# Pre-orders



## Stroodlepuff (31/1/14)

Hi guys

I just wanna double confirm that I have all the pre-orders all correct!

Please add your name here if you have stuff on pre-order with us just so I can be double sure I have not missed any


----------



## JB1987 (31/1/14)

Hi Stroodle, I have a Nemesis on pre-order and the Kayfun Lite (I know you guys don't have this one in stock yet)


Sent from the TARDIS


----------



## Stroodlepuff (31/1/14)

Just saw your order on the site so yours is def there  first on the list


----------



## JB1987 (31/1/14)

Awesome thanks!

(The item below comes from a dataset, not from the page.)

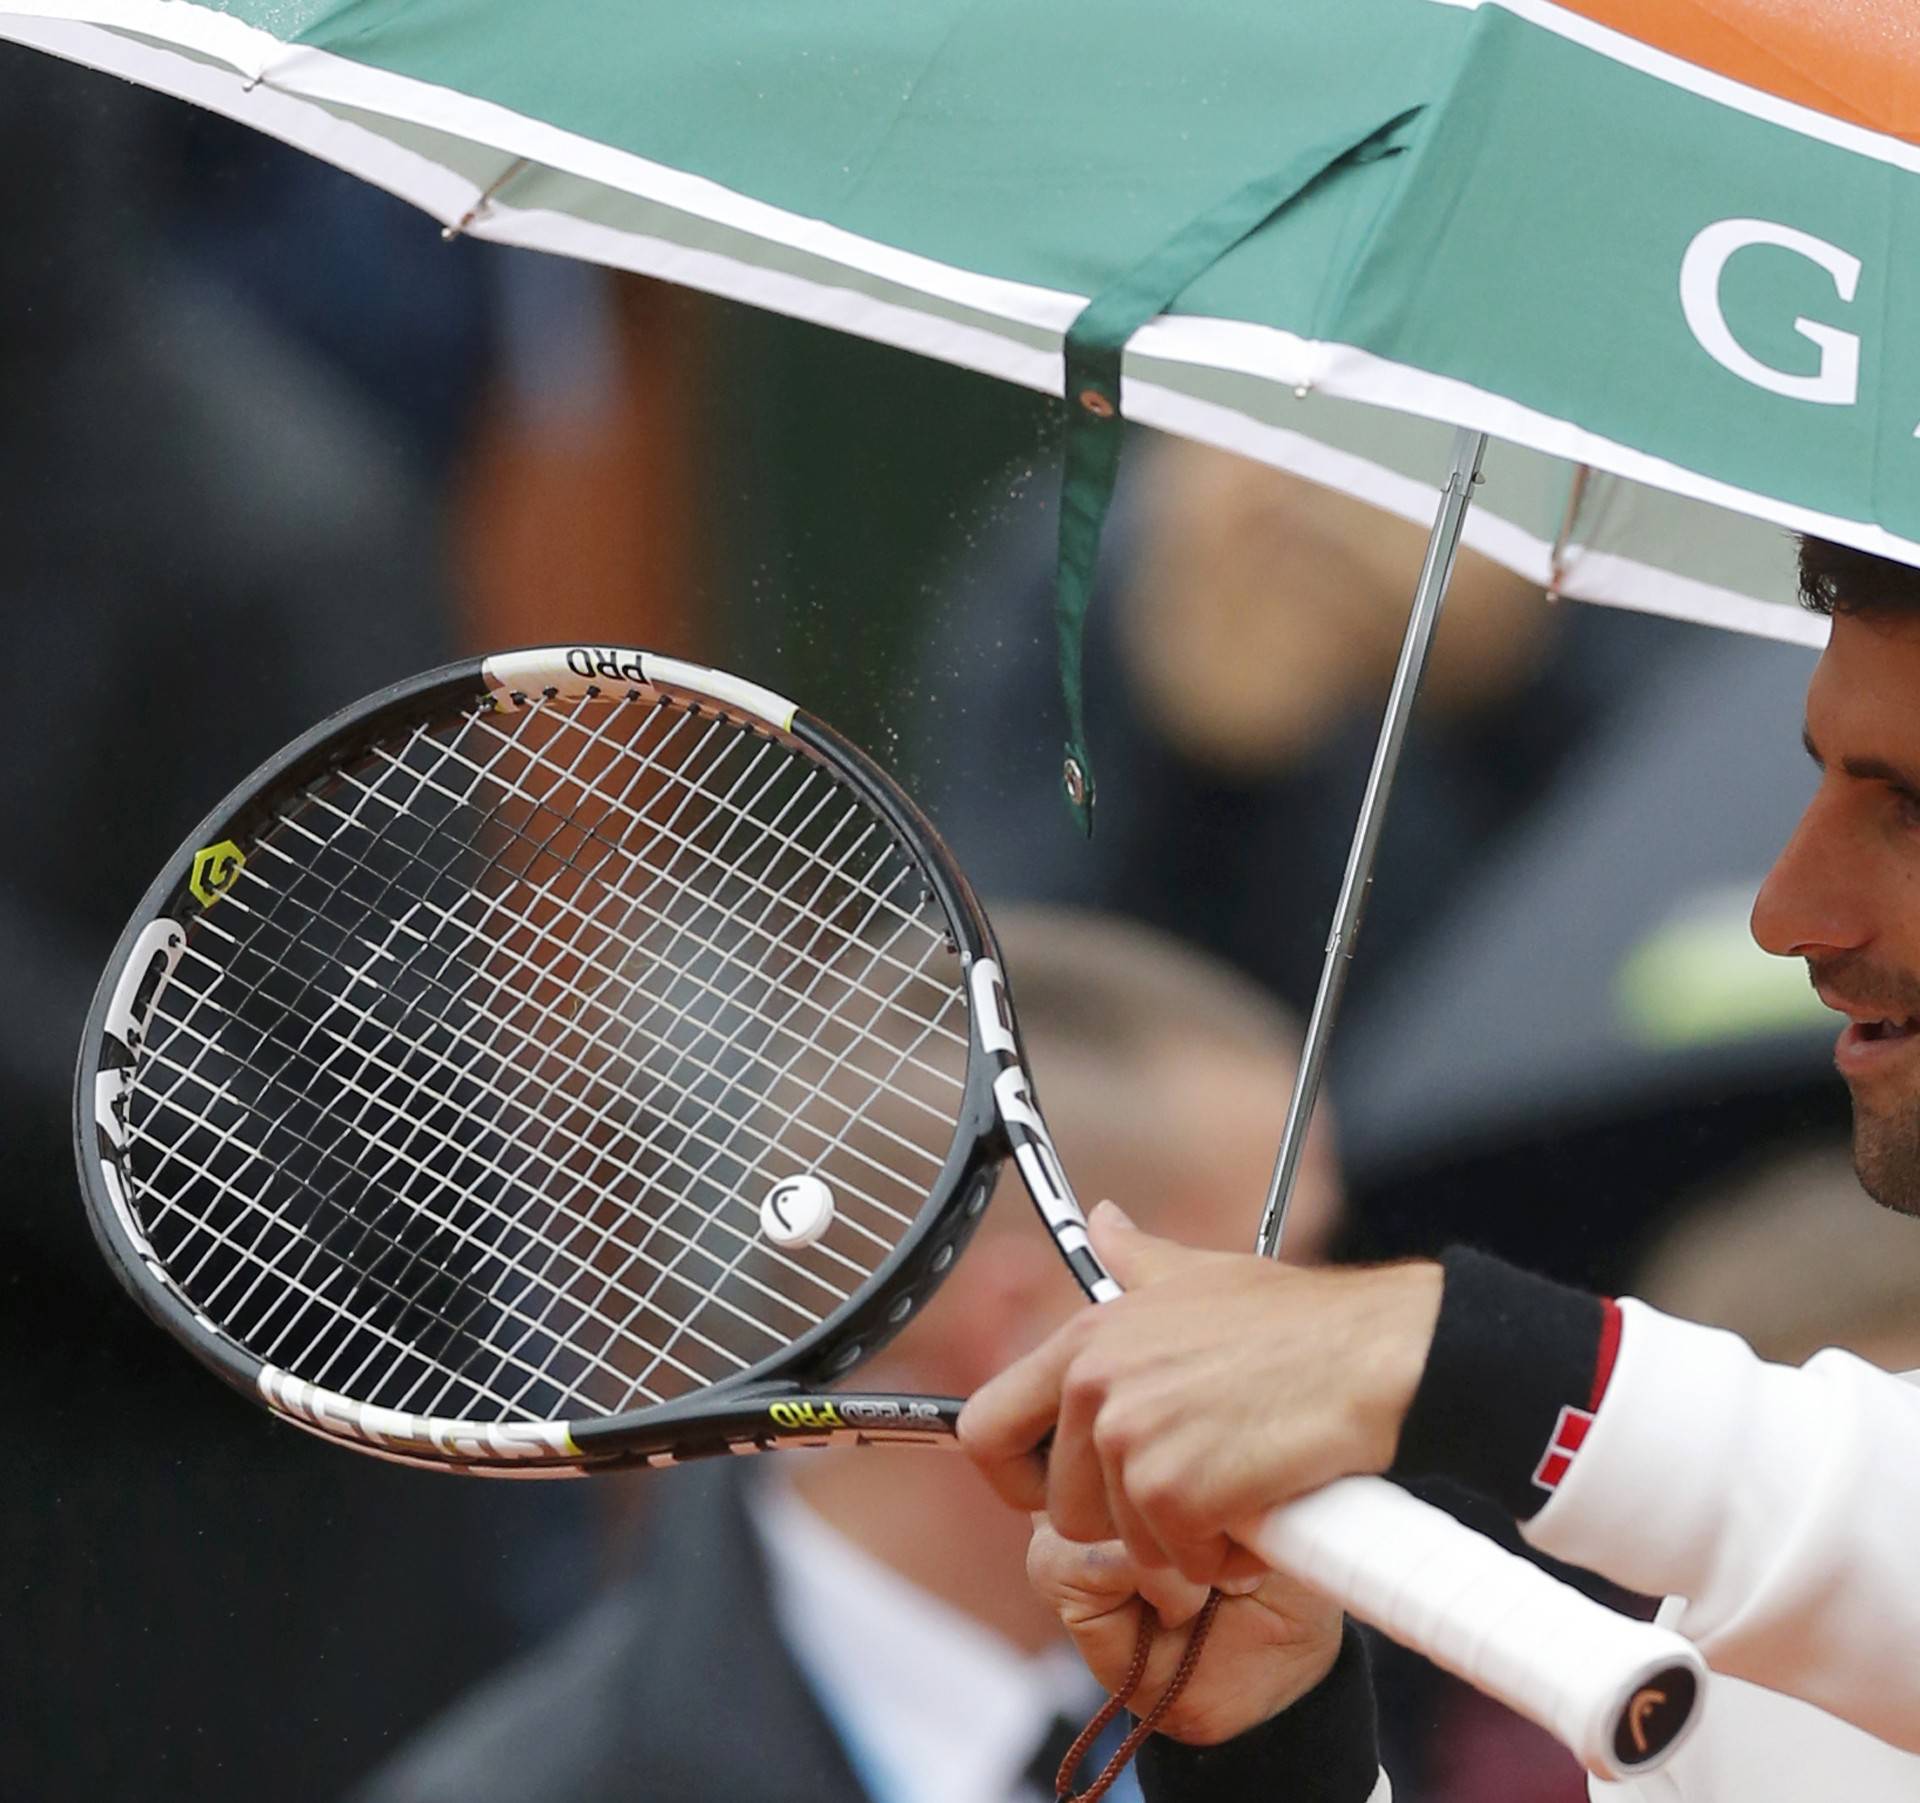 Tennis - French Open - Roland Garros - Novak Djokovic of Serbia v Roberto Bautista Agut of Spain

Crazy excited!


Sent from the TARDIS


----------



## vaalboy (31/1/14)

X2 30bs +10 coils


----------



## Smokyg (1/2/14)

Morning @Stroodlepuff , I ordered on the site last night, but i couldnt order the extra 30B coils, i would like 4 coils but they wernt uploaded yet.


----------



## Stroodlepuff (1/2/14)

Hi Alex

Sure thing will add them to your order, sorry about that had to shut down the internet due to the storm.


----------



## Smokyg (1/2/14)

Stroodlepuff said:


> Hi Alex
> 
> Sure thing will add them to your order, sorry about that had to shut down the internet due to the storm.


Awesome, thank you!! No problem!


----------



## Stroodlepuff (1/2/14)

Smokyg said:


> Awesome, thank you!! No problem!



I have added them to the site, will update your order now


----------



## Smokyg (1/2/14)

Stroodlepuff said:


> I have added them to the site, will update your order now


Cool, ill just quickly eft the difference


----------



## Stroodlepuff (1/2/14)

vaalboy said:


> X2 30bs +10 coils



Have you placed the order through the site? What is your real name?


----------



## devdev (1/2/14)

Stroodle, please check the DM I sent you guys...


----------



## thekeeperza (1/2/14)

Also placed an order through the site last night...


----------



## TylerD (1/2/14)

Oder placed. Whoop!


----------



## Stroodlepuff (1/2/14)

thekeeperza said:


> Also placed an order through the site last night...



Are you wayne?


----------



## thekeeperza (1/2/14)

Stroodlepuff said:


> Are you wayne?


That is me


----------